Recent major advances in rheumatology have been given further impetus by the declaration of 2000–2010 as the Bone and Joint Decade. This initiative, endorsed by the United Nations, aims to improve health-related quality of life for people with musculoskeletal disorders worldwide.

Prevention. The imperative to prevent chronic disability from musculoskeletal conditions is increasingly being recognised. For instance, beliefs and behaviour associated with acute back pain, which may have potentially costly and prolonged sequelae in the workplace, can be altered with early appropriate intervention.1 The incidence and severity of knee osteoarthritis, the most important cause of musculoskeletal disability, can be reduced by better weight control and avoiding excessive deep-knee bending, while corticosteroid-induced osteoporosis can be prevented by concomitant use of bisphosphonates.2

Diagnosis. Assessment of osteoporosis and monitoring of response to interventions will be improved by combining bone densitometry with ultrasound (to define other important bone characteristics, including fragility) and better methods of determining biochemical markers of bone turnover.
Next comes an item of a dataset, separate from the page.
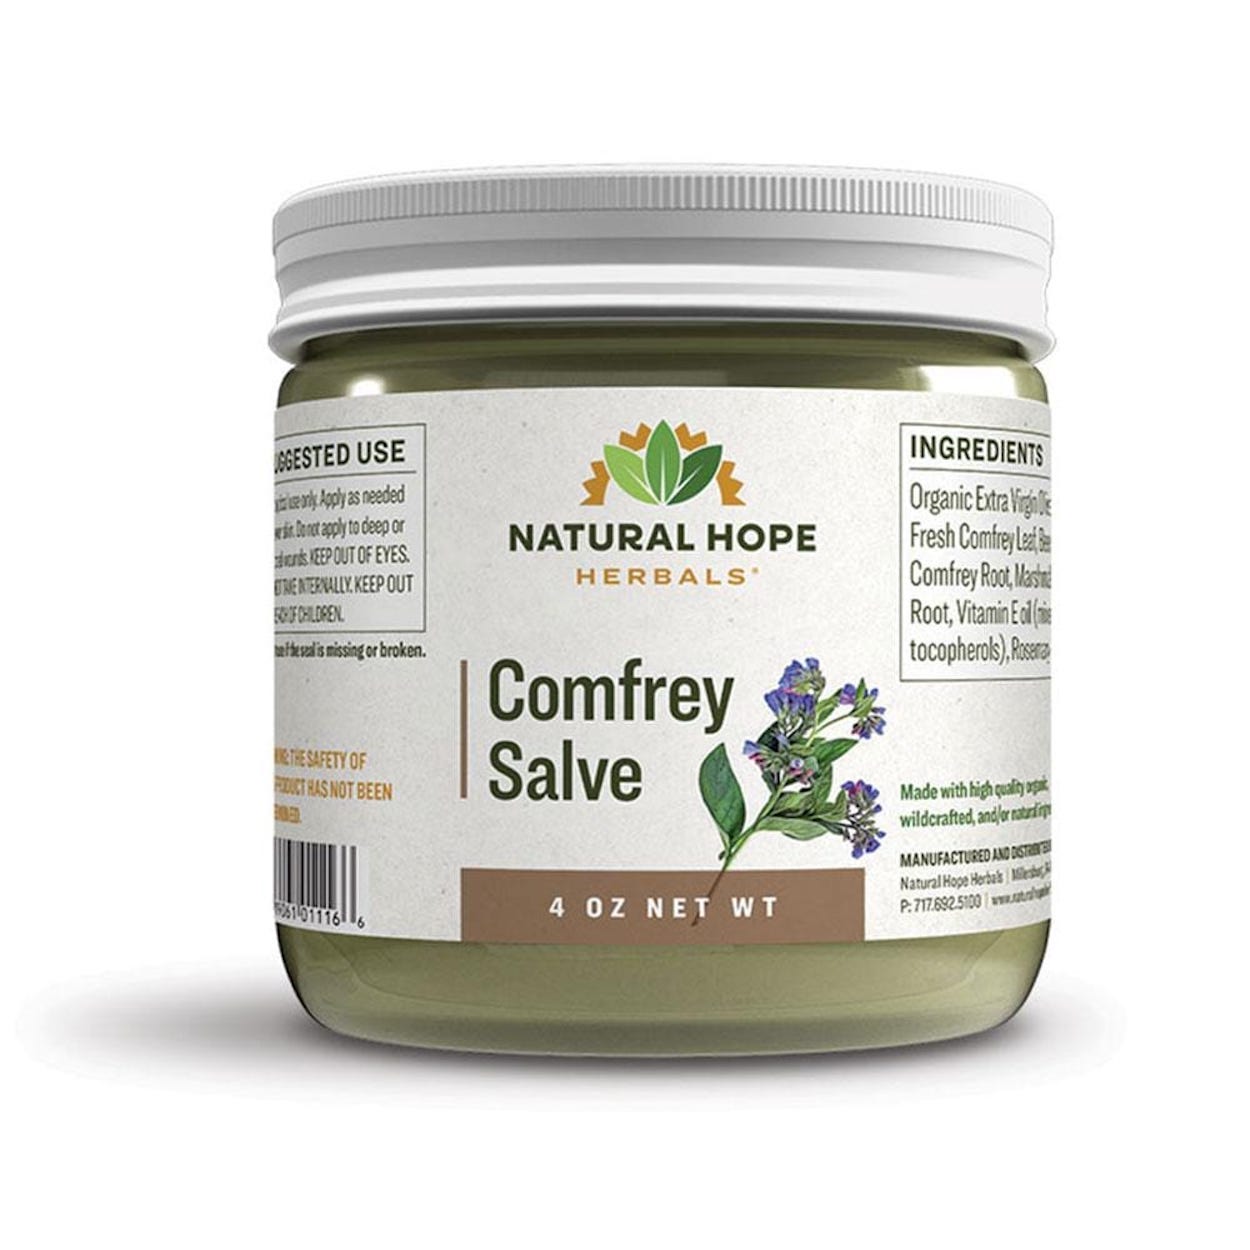 Comfrey Salve - Natural Hope Herbals
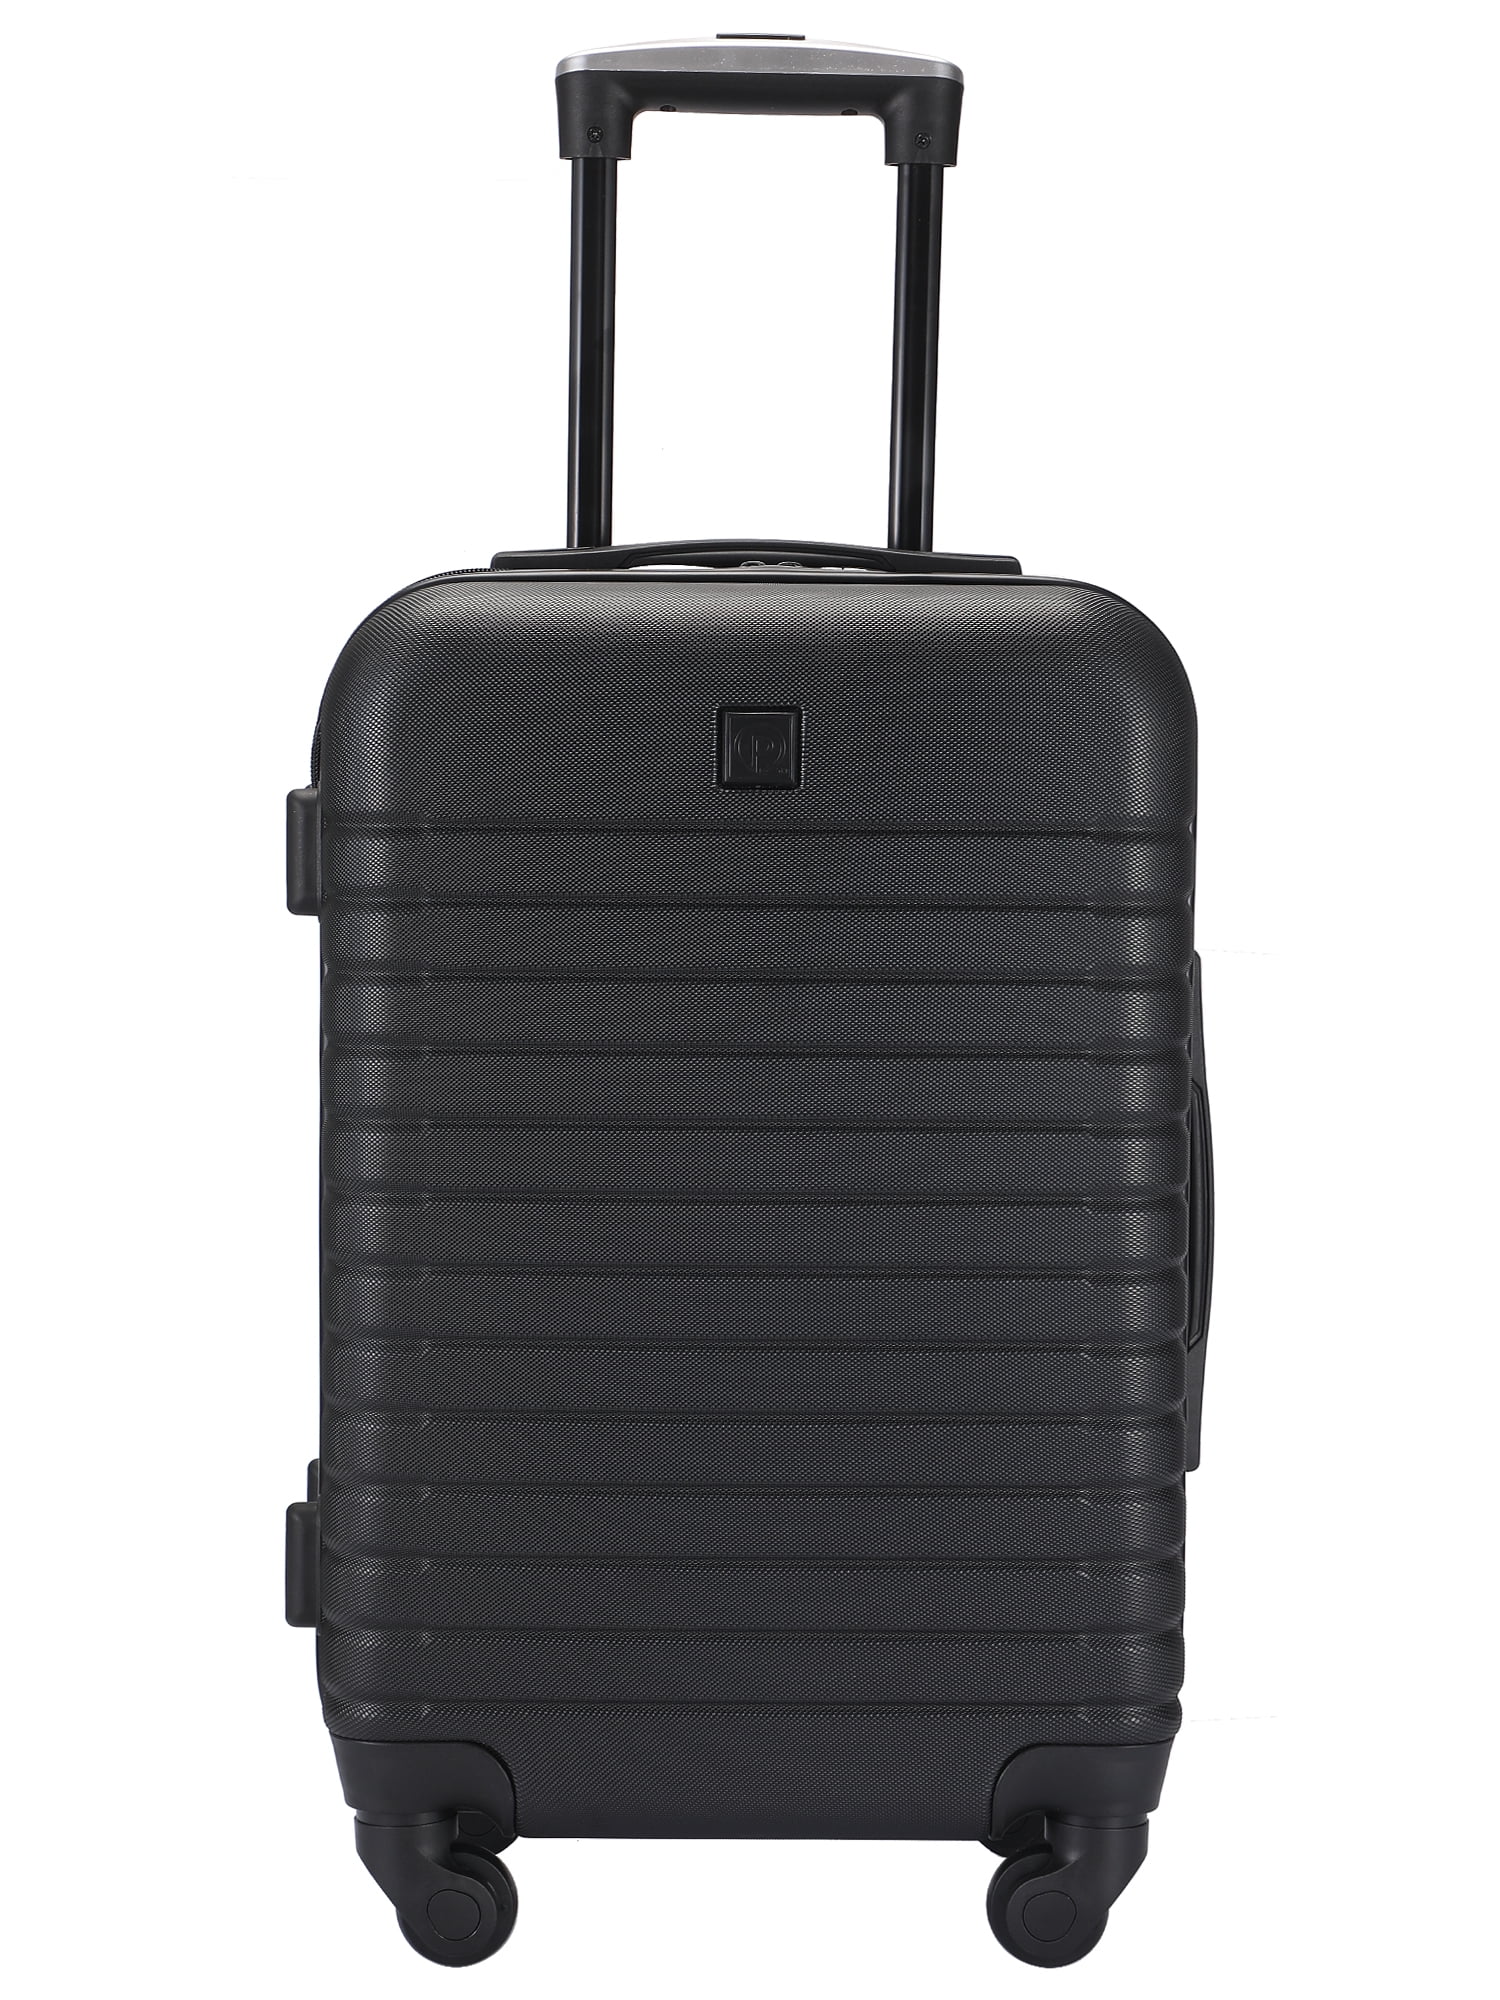 Protege 20" Hardside Carry-on Luggage

The difficulty of identifying osteoarthritis at an early stage (when interventions are most effective) will be overcome by refining the use of MRI and other imaging techniques and developing specific markers of cartilage breakdown and repair, such as proteoglycans. Likewise, early intervention in rheumatoid arthritis significantly affects symptom control, joint damage and functional ability. Both MRI and ultrasound will soon be used to accurately detect early inflammation and joint damage in rheumatoid arthritis and allow for stratification of different intervention strategies.

Intervention. Osteoporosis management has been significantly improved by the newer-generation bisphosphonates (alendronate, risedronate). The selective oestrogen-receptor modulators (SERMs), such as raloxifene, also offer fracture protection, lower lipid levels and a reduced risk of breast cancer. Newer SERMs will provide more selective and potent effects in bone and breast tissue. Pulsed daily parathyroid hormone therapy, which increases bone mineral density and possibly reduces fracture rates, and osteoprotegerin, a potent inhibitor of osteoclast action, will both improve management of osteoporosis.

Glucosamine may reduce knee cartilage loss, but the full significance of its effect on osteoarthritis has yet to be established.3 More definitive osteoarthritis treatment may be possible within the next five years, with progress in elucidating the mechanisms of cartilage breakdown and repair. Several potential agents are currently undergoing clinical trials.

Selective COX-2 inhibitors suppress joint inflammation and, compared with non-selective agents, significantly decrease rates of major gastrointestinal adverse events. They do not affect platelet function, but provide no advantage in regard to salt and water retention.4 Selective inhibitors of inflammation-induced isoforms of the upstream precursors of phospholipase A2 may have equivalent anti-inflammatory effects, with less disturbance of homoeostasis.

Methotrexate remains the baseline medication of choice for early intervention in rheumatoid arthritis, with current trends being to use higher doses and drug combinations. Leflunomide, a pyrimadine pathway inhibitor, provides significant benefits, especially when introduced early and in combination with methotrexate. The effectiveness of cyclosporin is also improved by combining with methotrexate, but it must be used with care because of its adverse effects on blood pressure and renal function.

Suppression of specific components of the rheumatoid arthritis inflammatory cascade has proved effective. Tumour necrosis factor (TNF) suppression by TNF fusion protein (etanercept), chimeric anti-TNF antibody (infliximab) or human monoclonal anti-TNF (adalimumab) all result in significantly less inflammation and reduced joint damage in the short term. Early data on safety and cost-effectiveness are encouraging.5 Suppression of interleukin-1 by the IL-1-receptor antagonist anakinra may decrease bone damage proportionally more than inflammation. Combinations of such agents will target the different components of the rheumatoid arthritis process. Future development of less expensive, oral agents with similar specificity will permit broader application of targeted therapies. Longer-term toxicity issues may yet emerge.

Applying pharmacogenomics (the study of genes relevant to drug therapy) and modulation of pro-inflammatory intracellular enzymes will further refine possibilities for modifying inflammatory processes. Recognition that corticosteroids act via these pathways has opened this field to the development of novel broad-spectrum immunomodulatory agents, some of which are in early-phase clinical trials.

Drugs that modulate the sensitised pain mechanisms of fibromyalgia and regional pain syndromes include, among others, derivatives of gabapentin and inhibitors of the 5-hydroxytryptamine receptor. Clinical trials suggest that these approaches will provide useful ancillary treatments.

Conclusion. With the impetus that the Bone and Joint Decade will bring to research in rheumatic diseases, we can expect further elucidation of disease mechanisms, and an increase in management options.